### What you need to do:
Each line of the data must reappear exactly in your answer, with no images included.

### Recorded data:
○ ○ ○ ○ ○ ○ ○

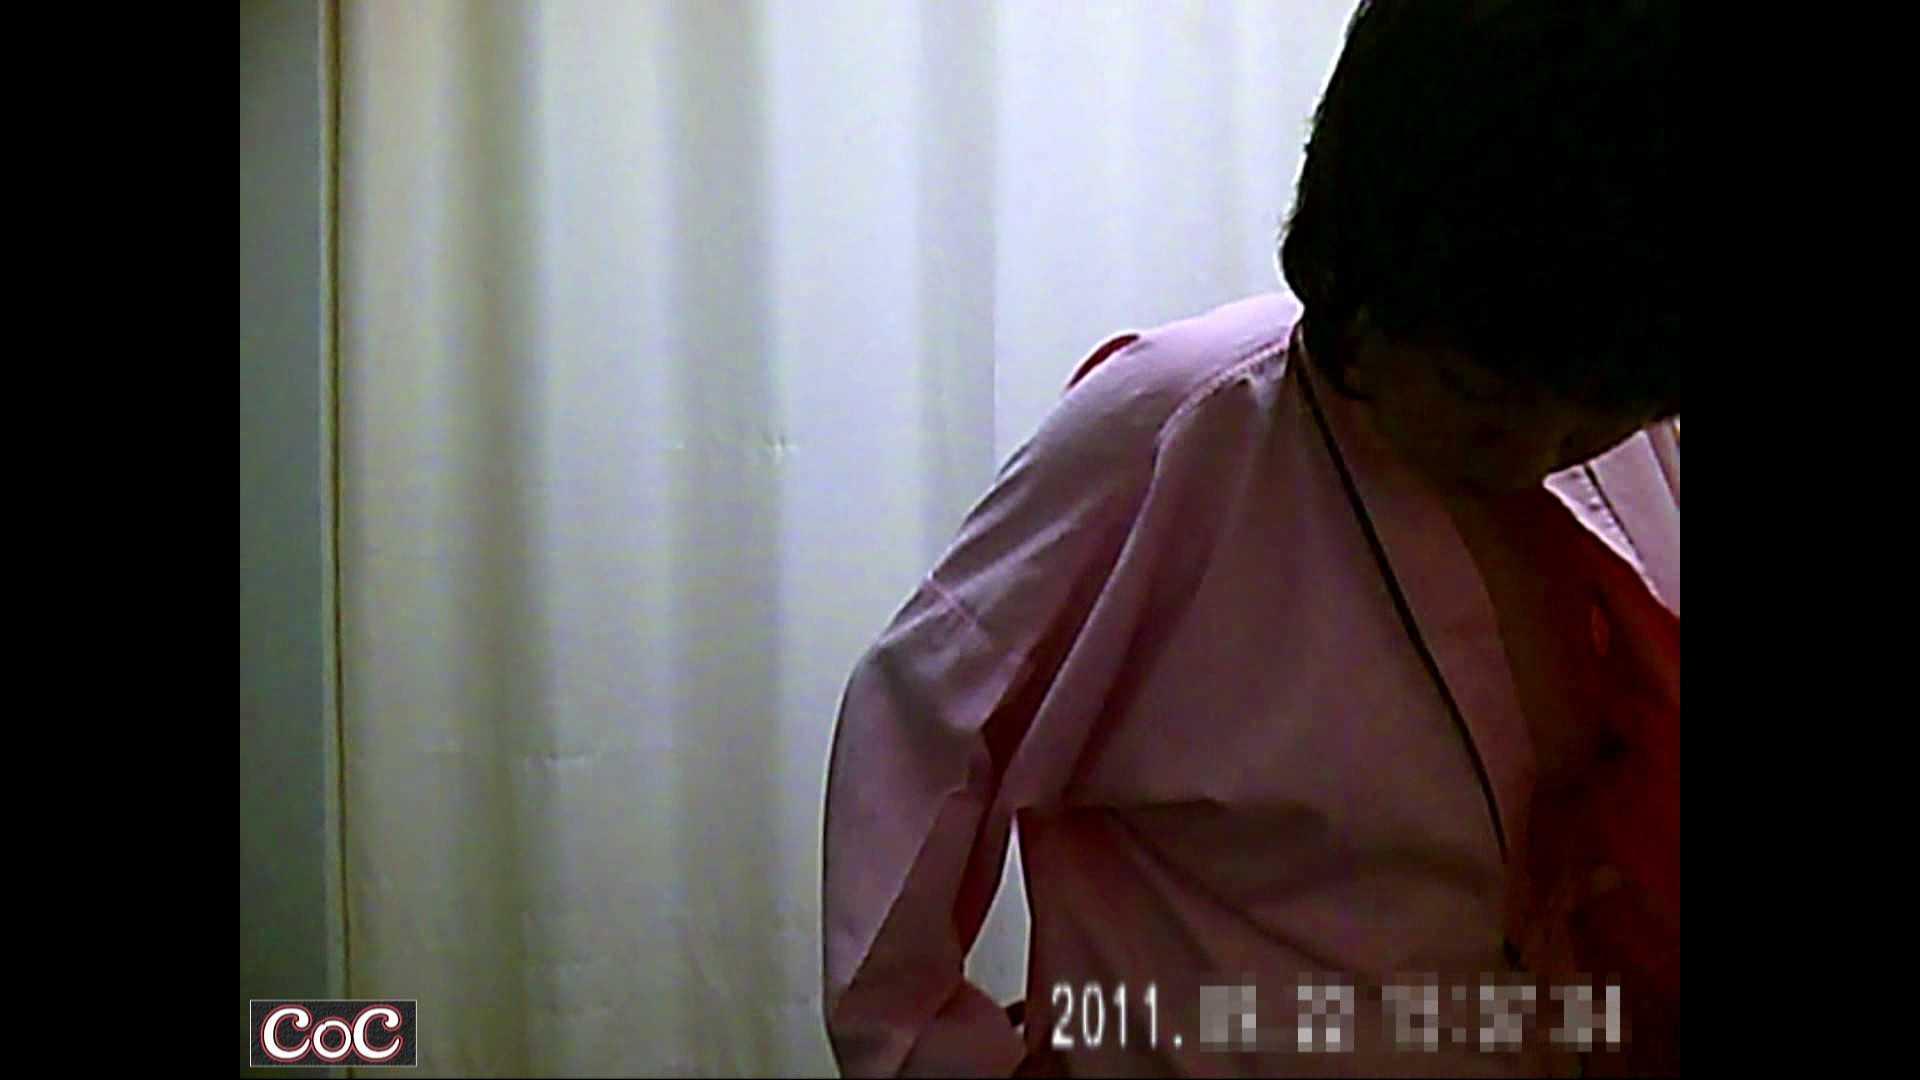 病院おもいっきり着替え! vol.32 おっぱい おめこ無修正動画無料 89画像 4
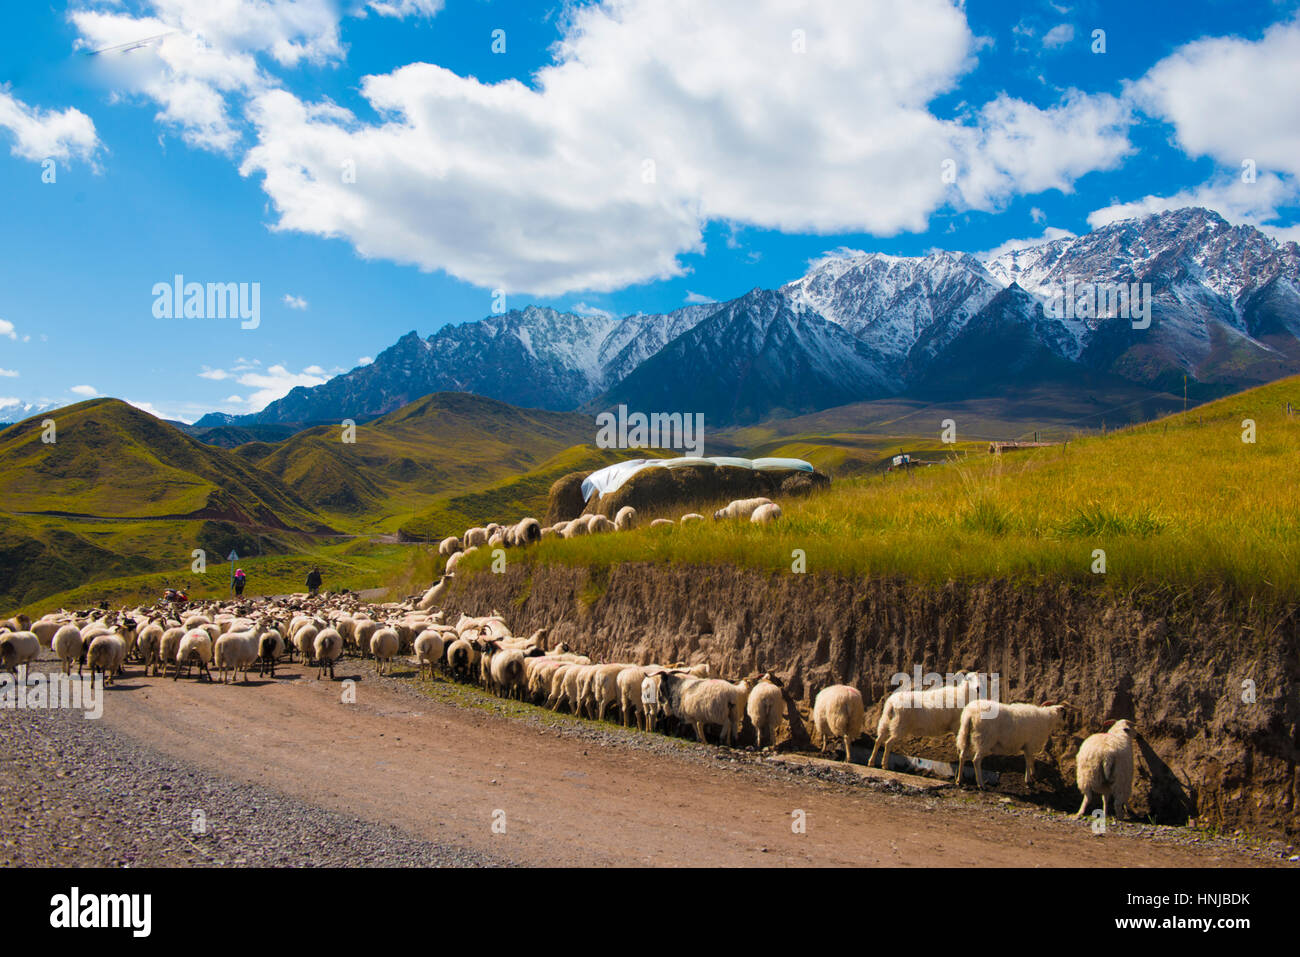 Y los pastores de ovejas en las montañas Qilan, provincia de Gansu, China, China occidental, cerca de la ruta Imagen De Stock
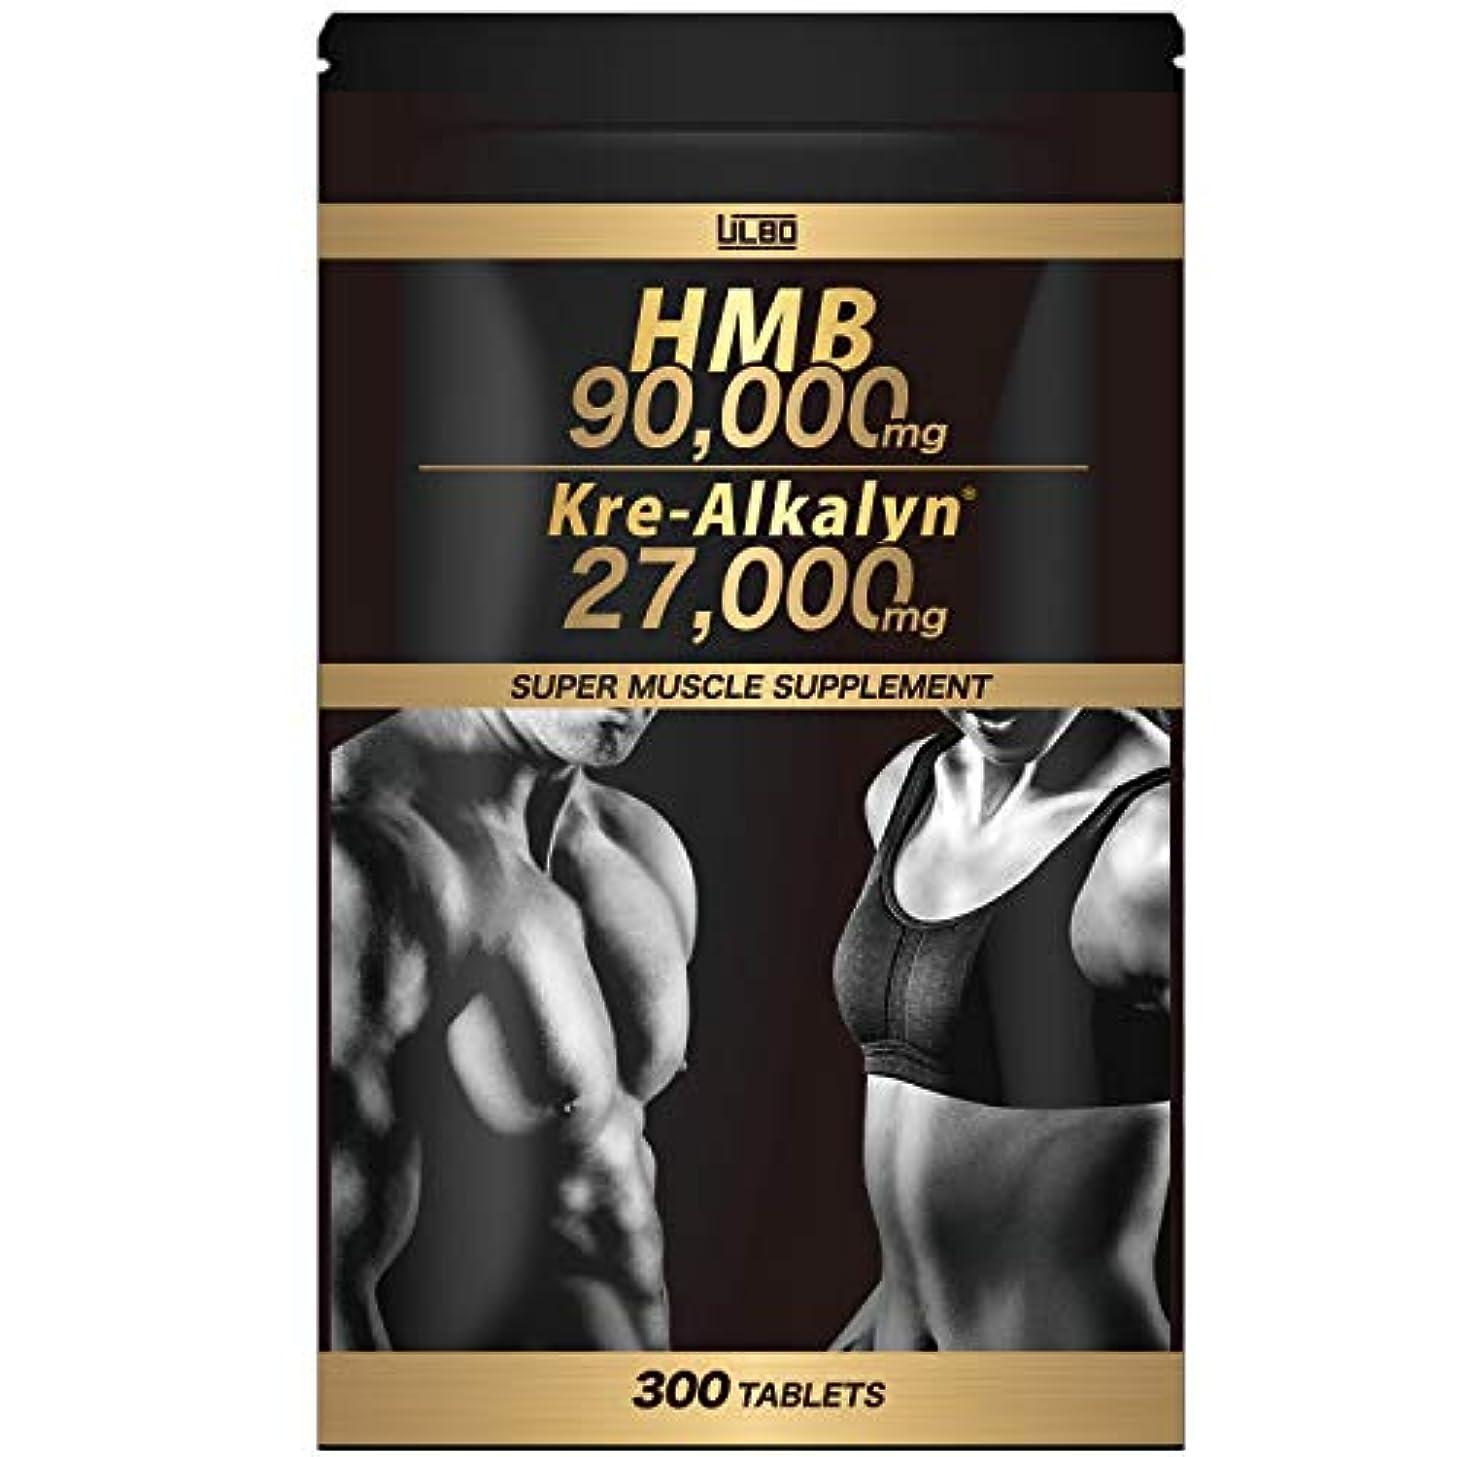 休憩集中先ULBO HMB 吸収効率3.3倍 高純度クレアチン サプリメント 1袋HMB90,000mg配合

○ ○ ○ ○ ○ ○ ○

### Result of the task:
 病院おもいっきり着替え! vol.32 おっぱい おめこ無修正動画無料 89画像 4
 Y los pastores de ovejas en las montañas Qilan, provincia de Gansu, China, China occidental, cerca de la ruta Imagen De Stock
 休憩集中先ULBO HMB 吸収効率3.3倍 高純度クレアチン サプリメント 1袋HMB90,000mg配合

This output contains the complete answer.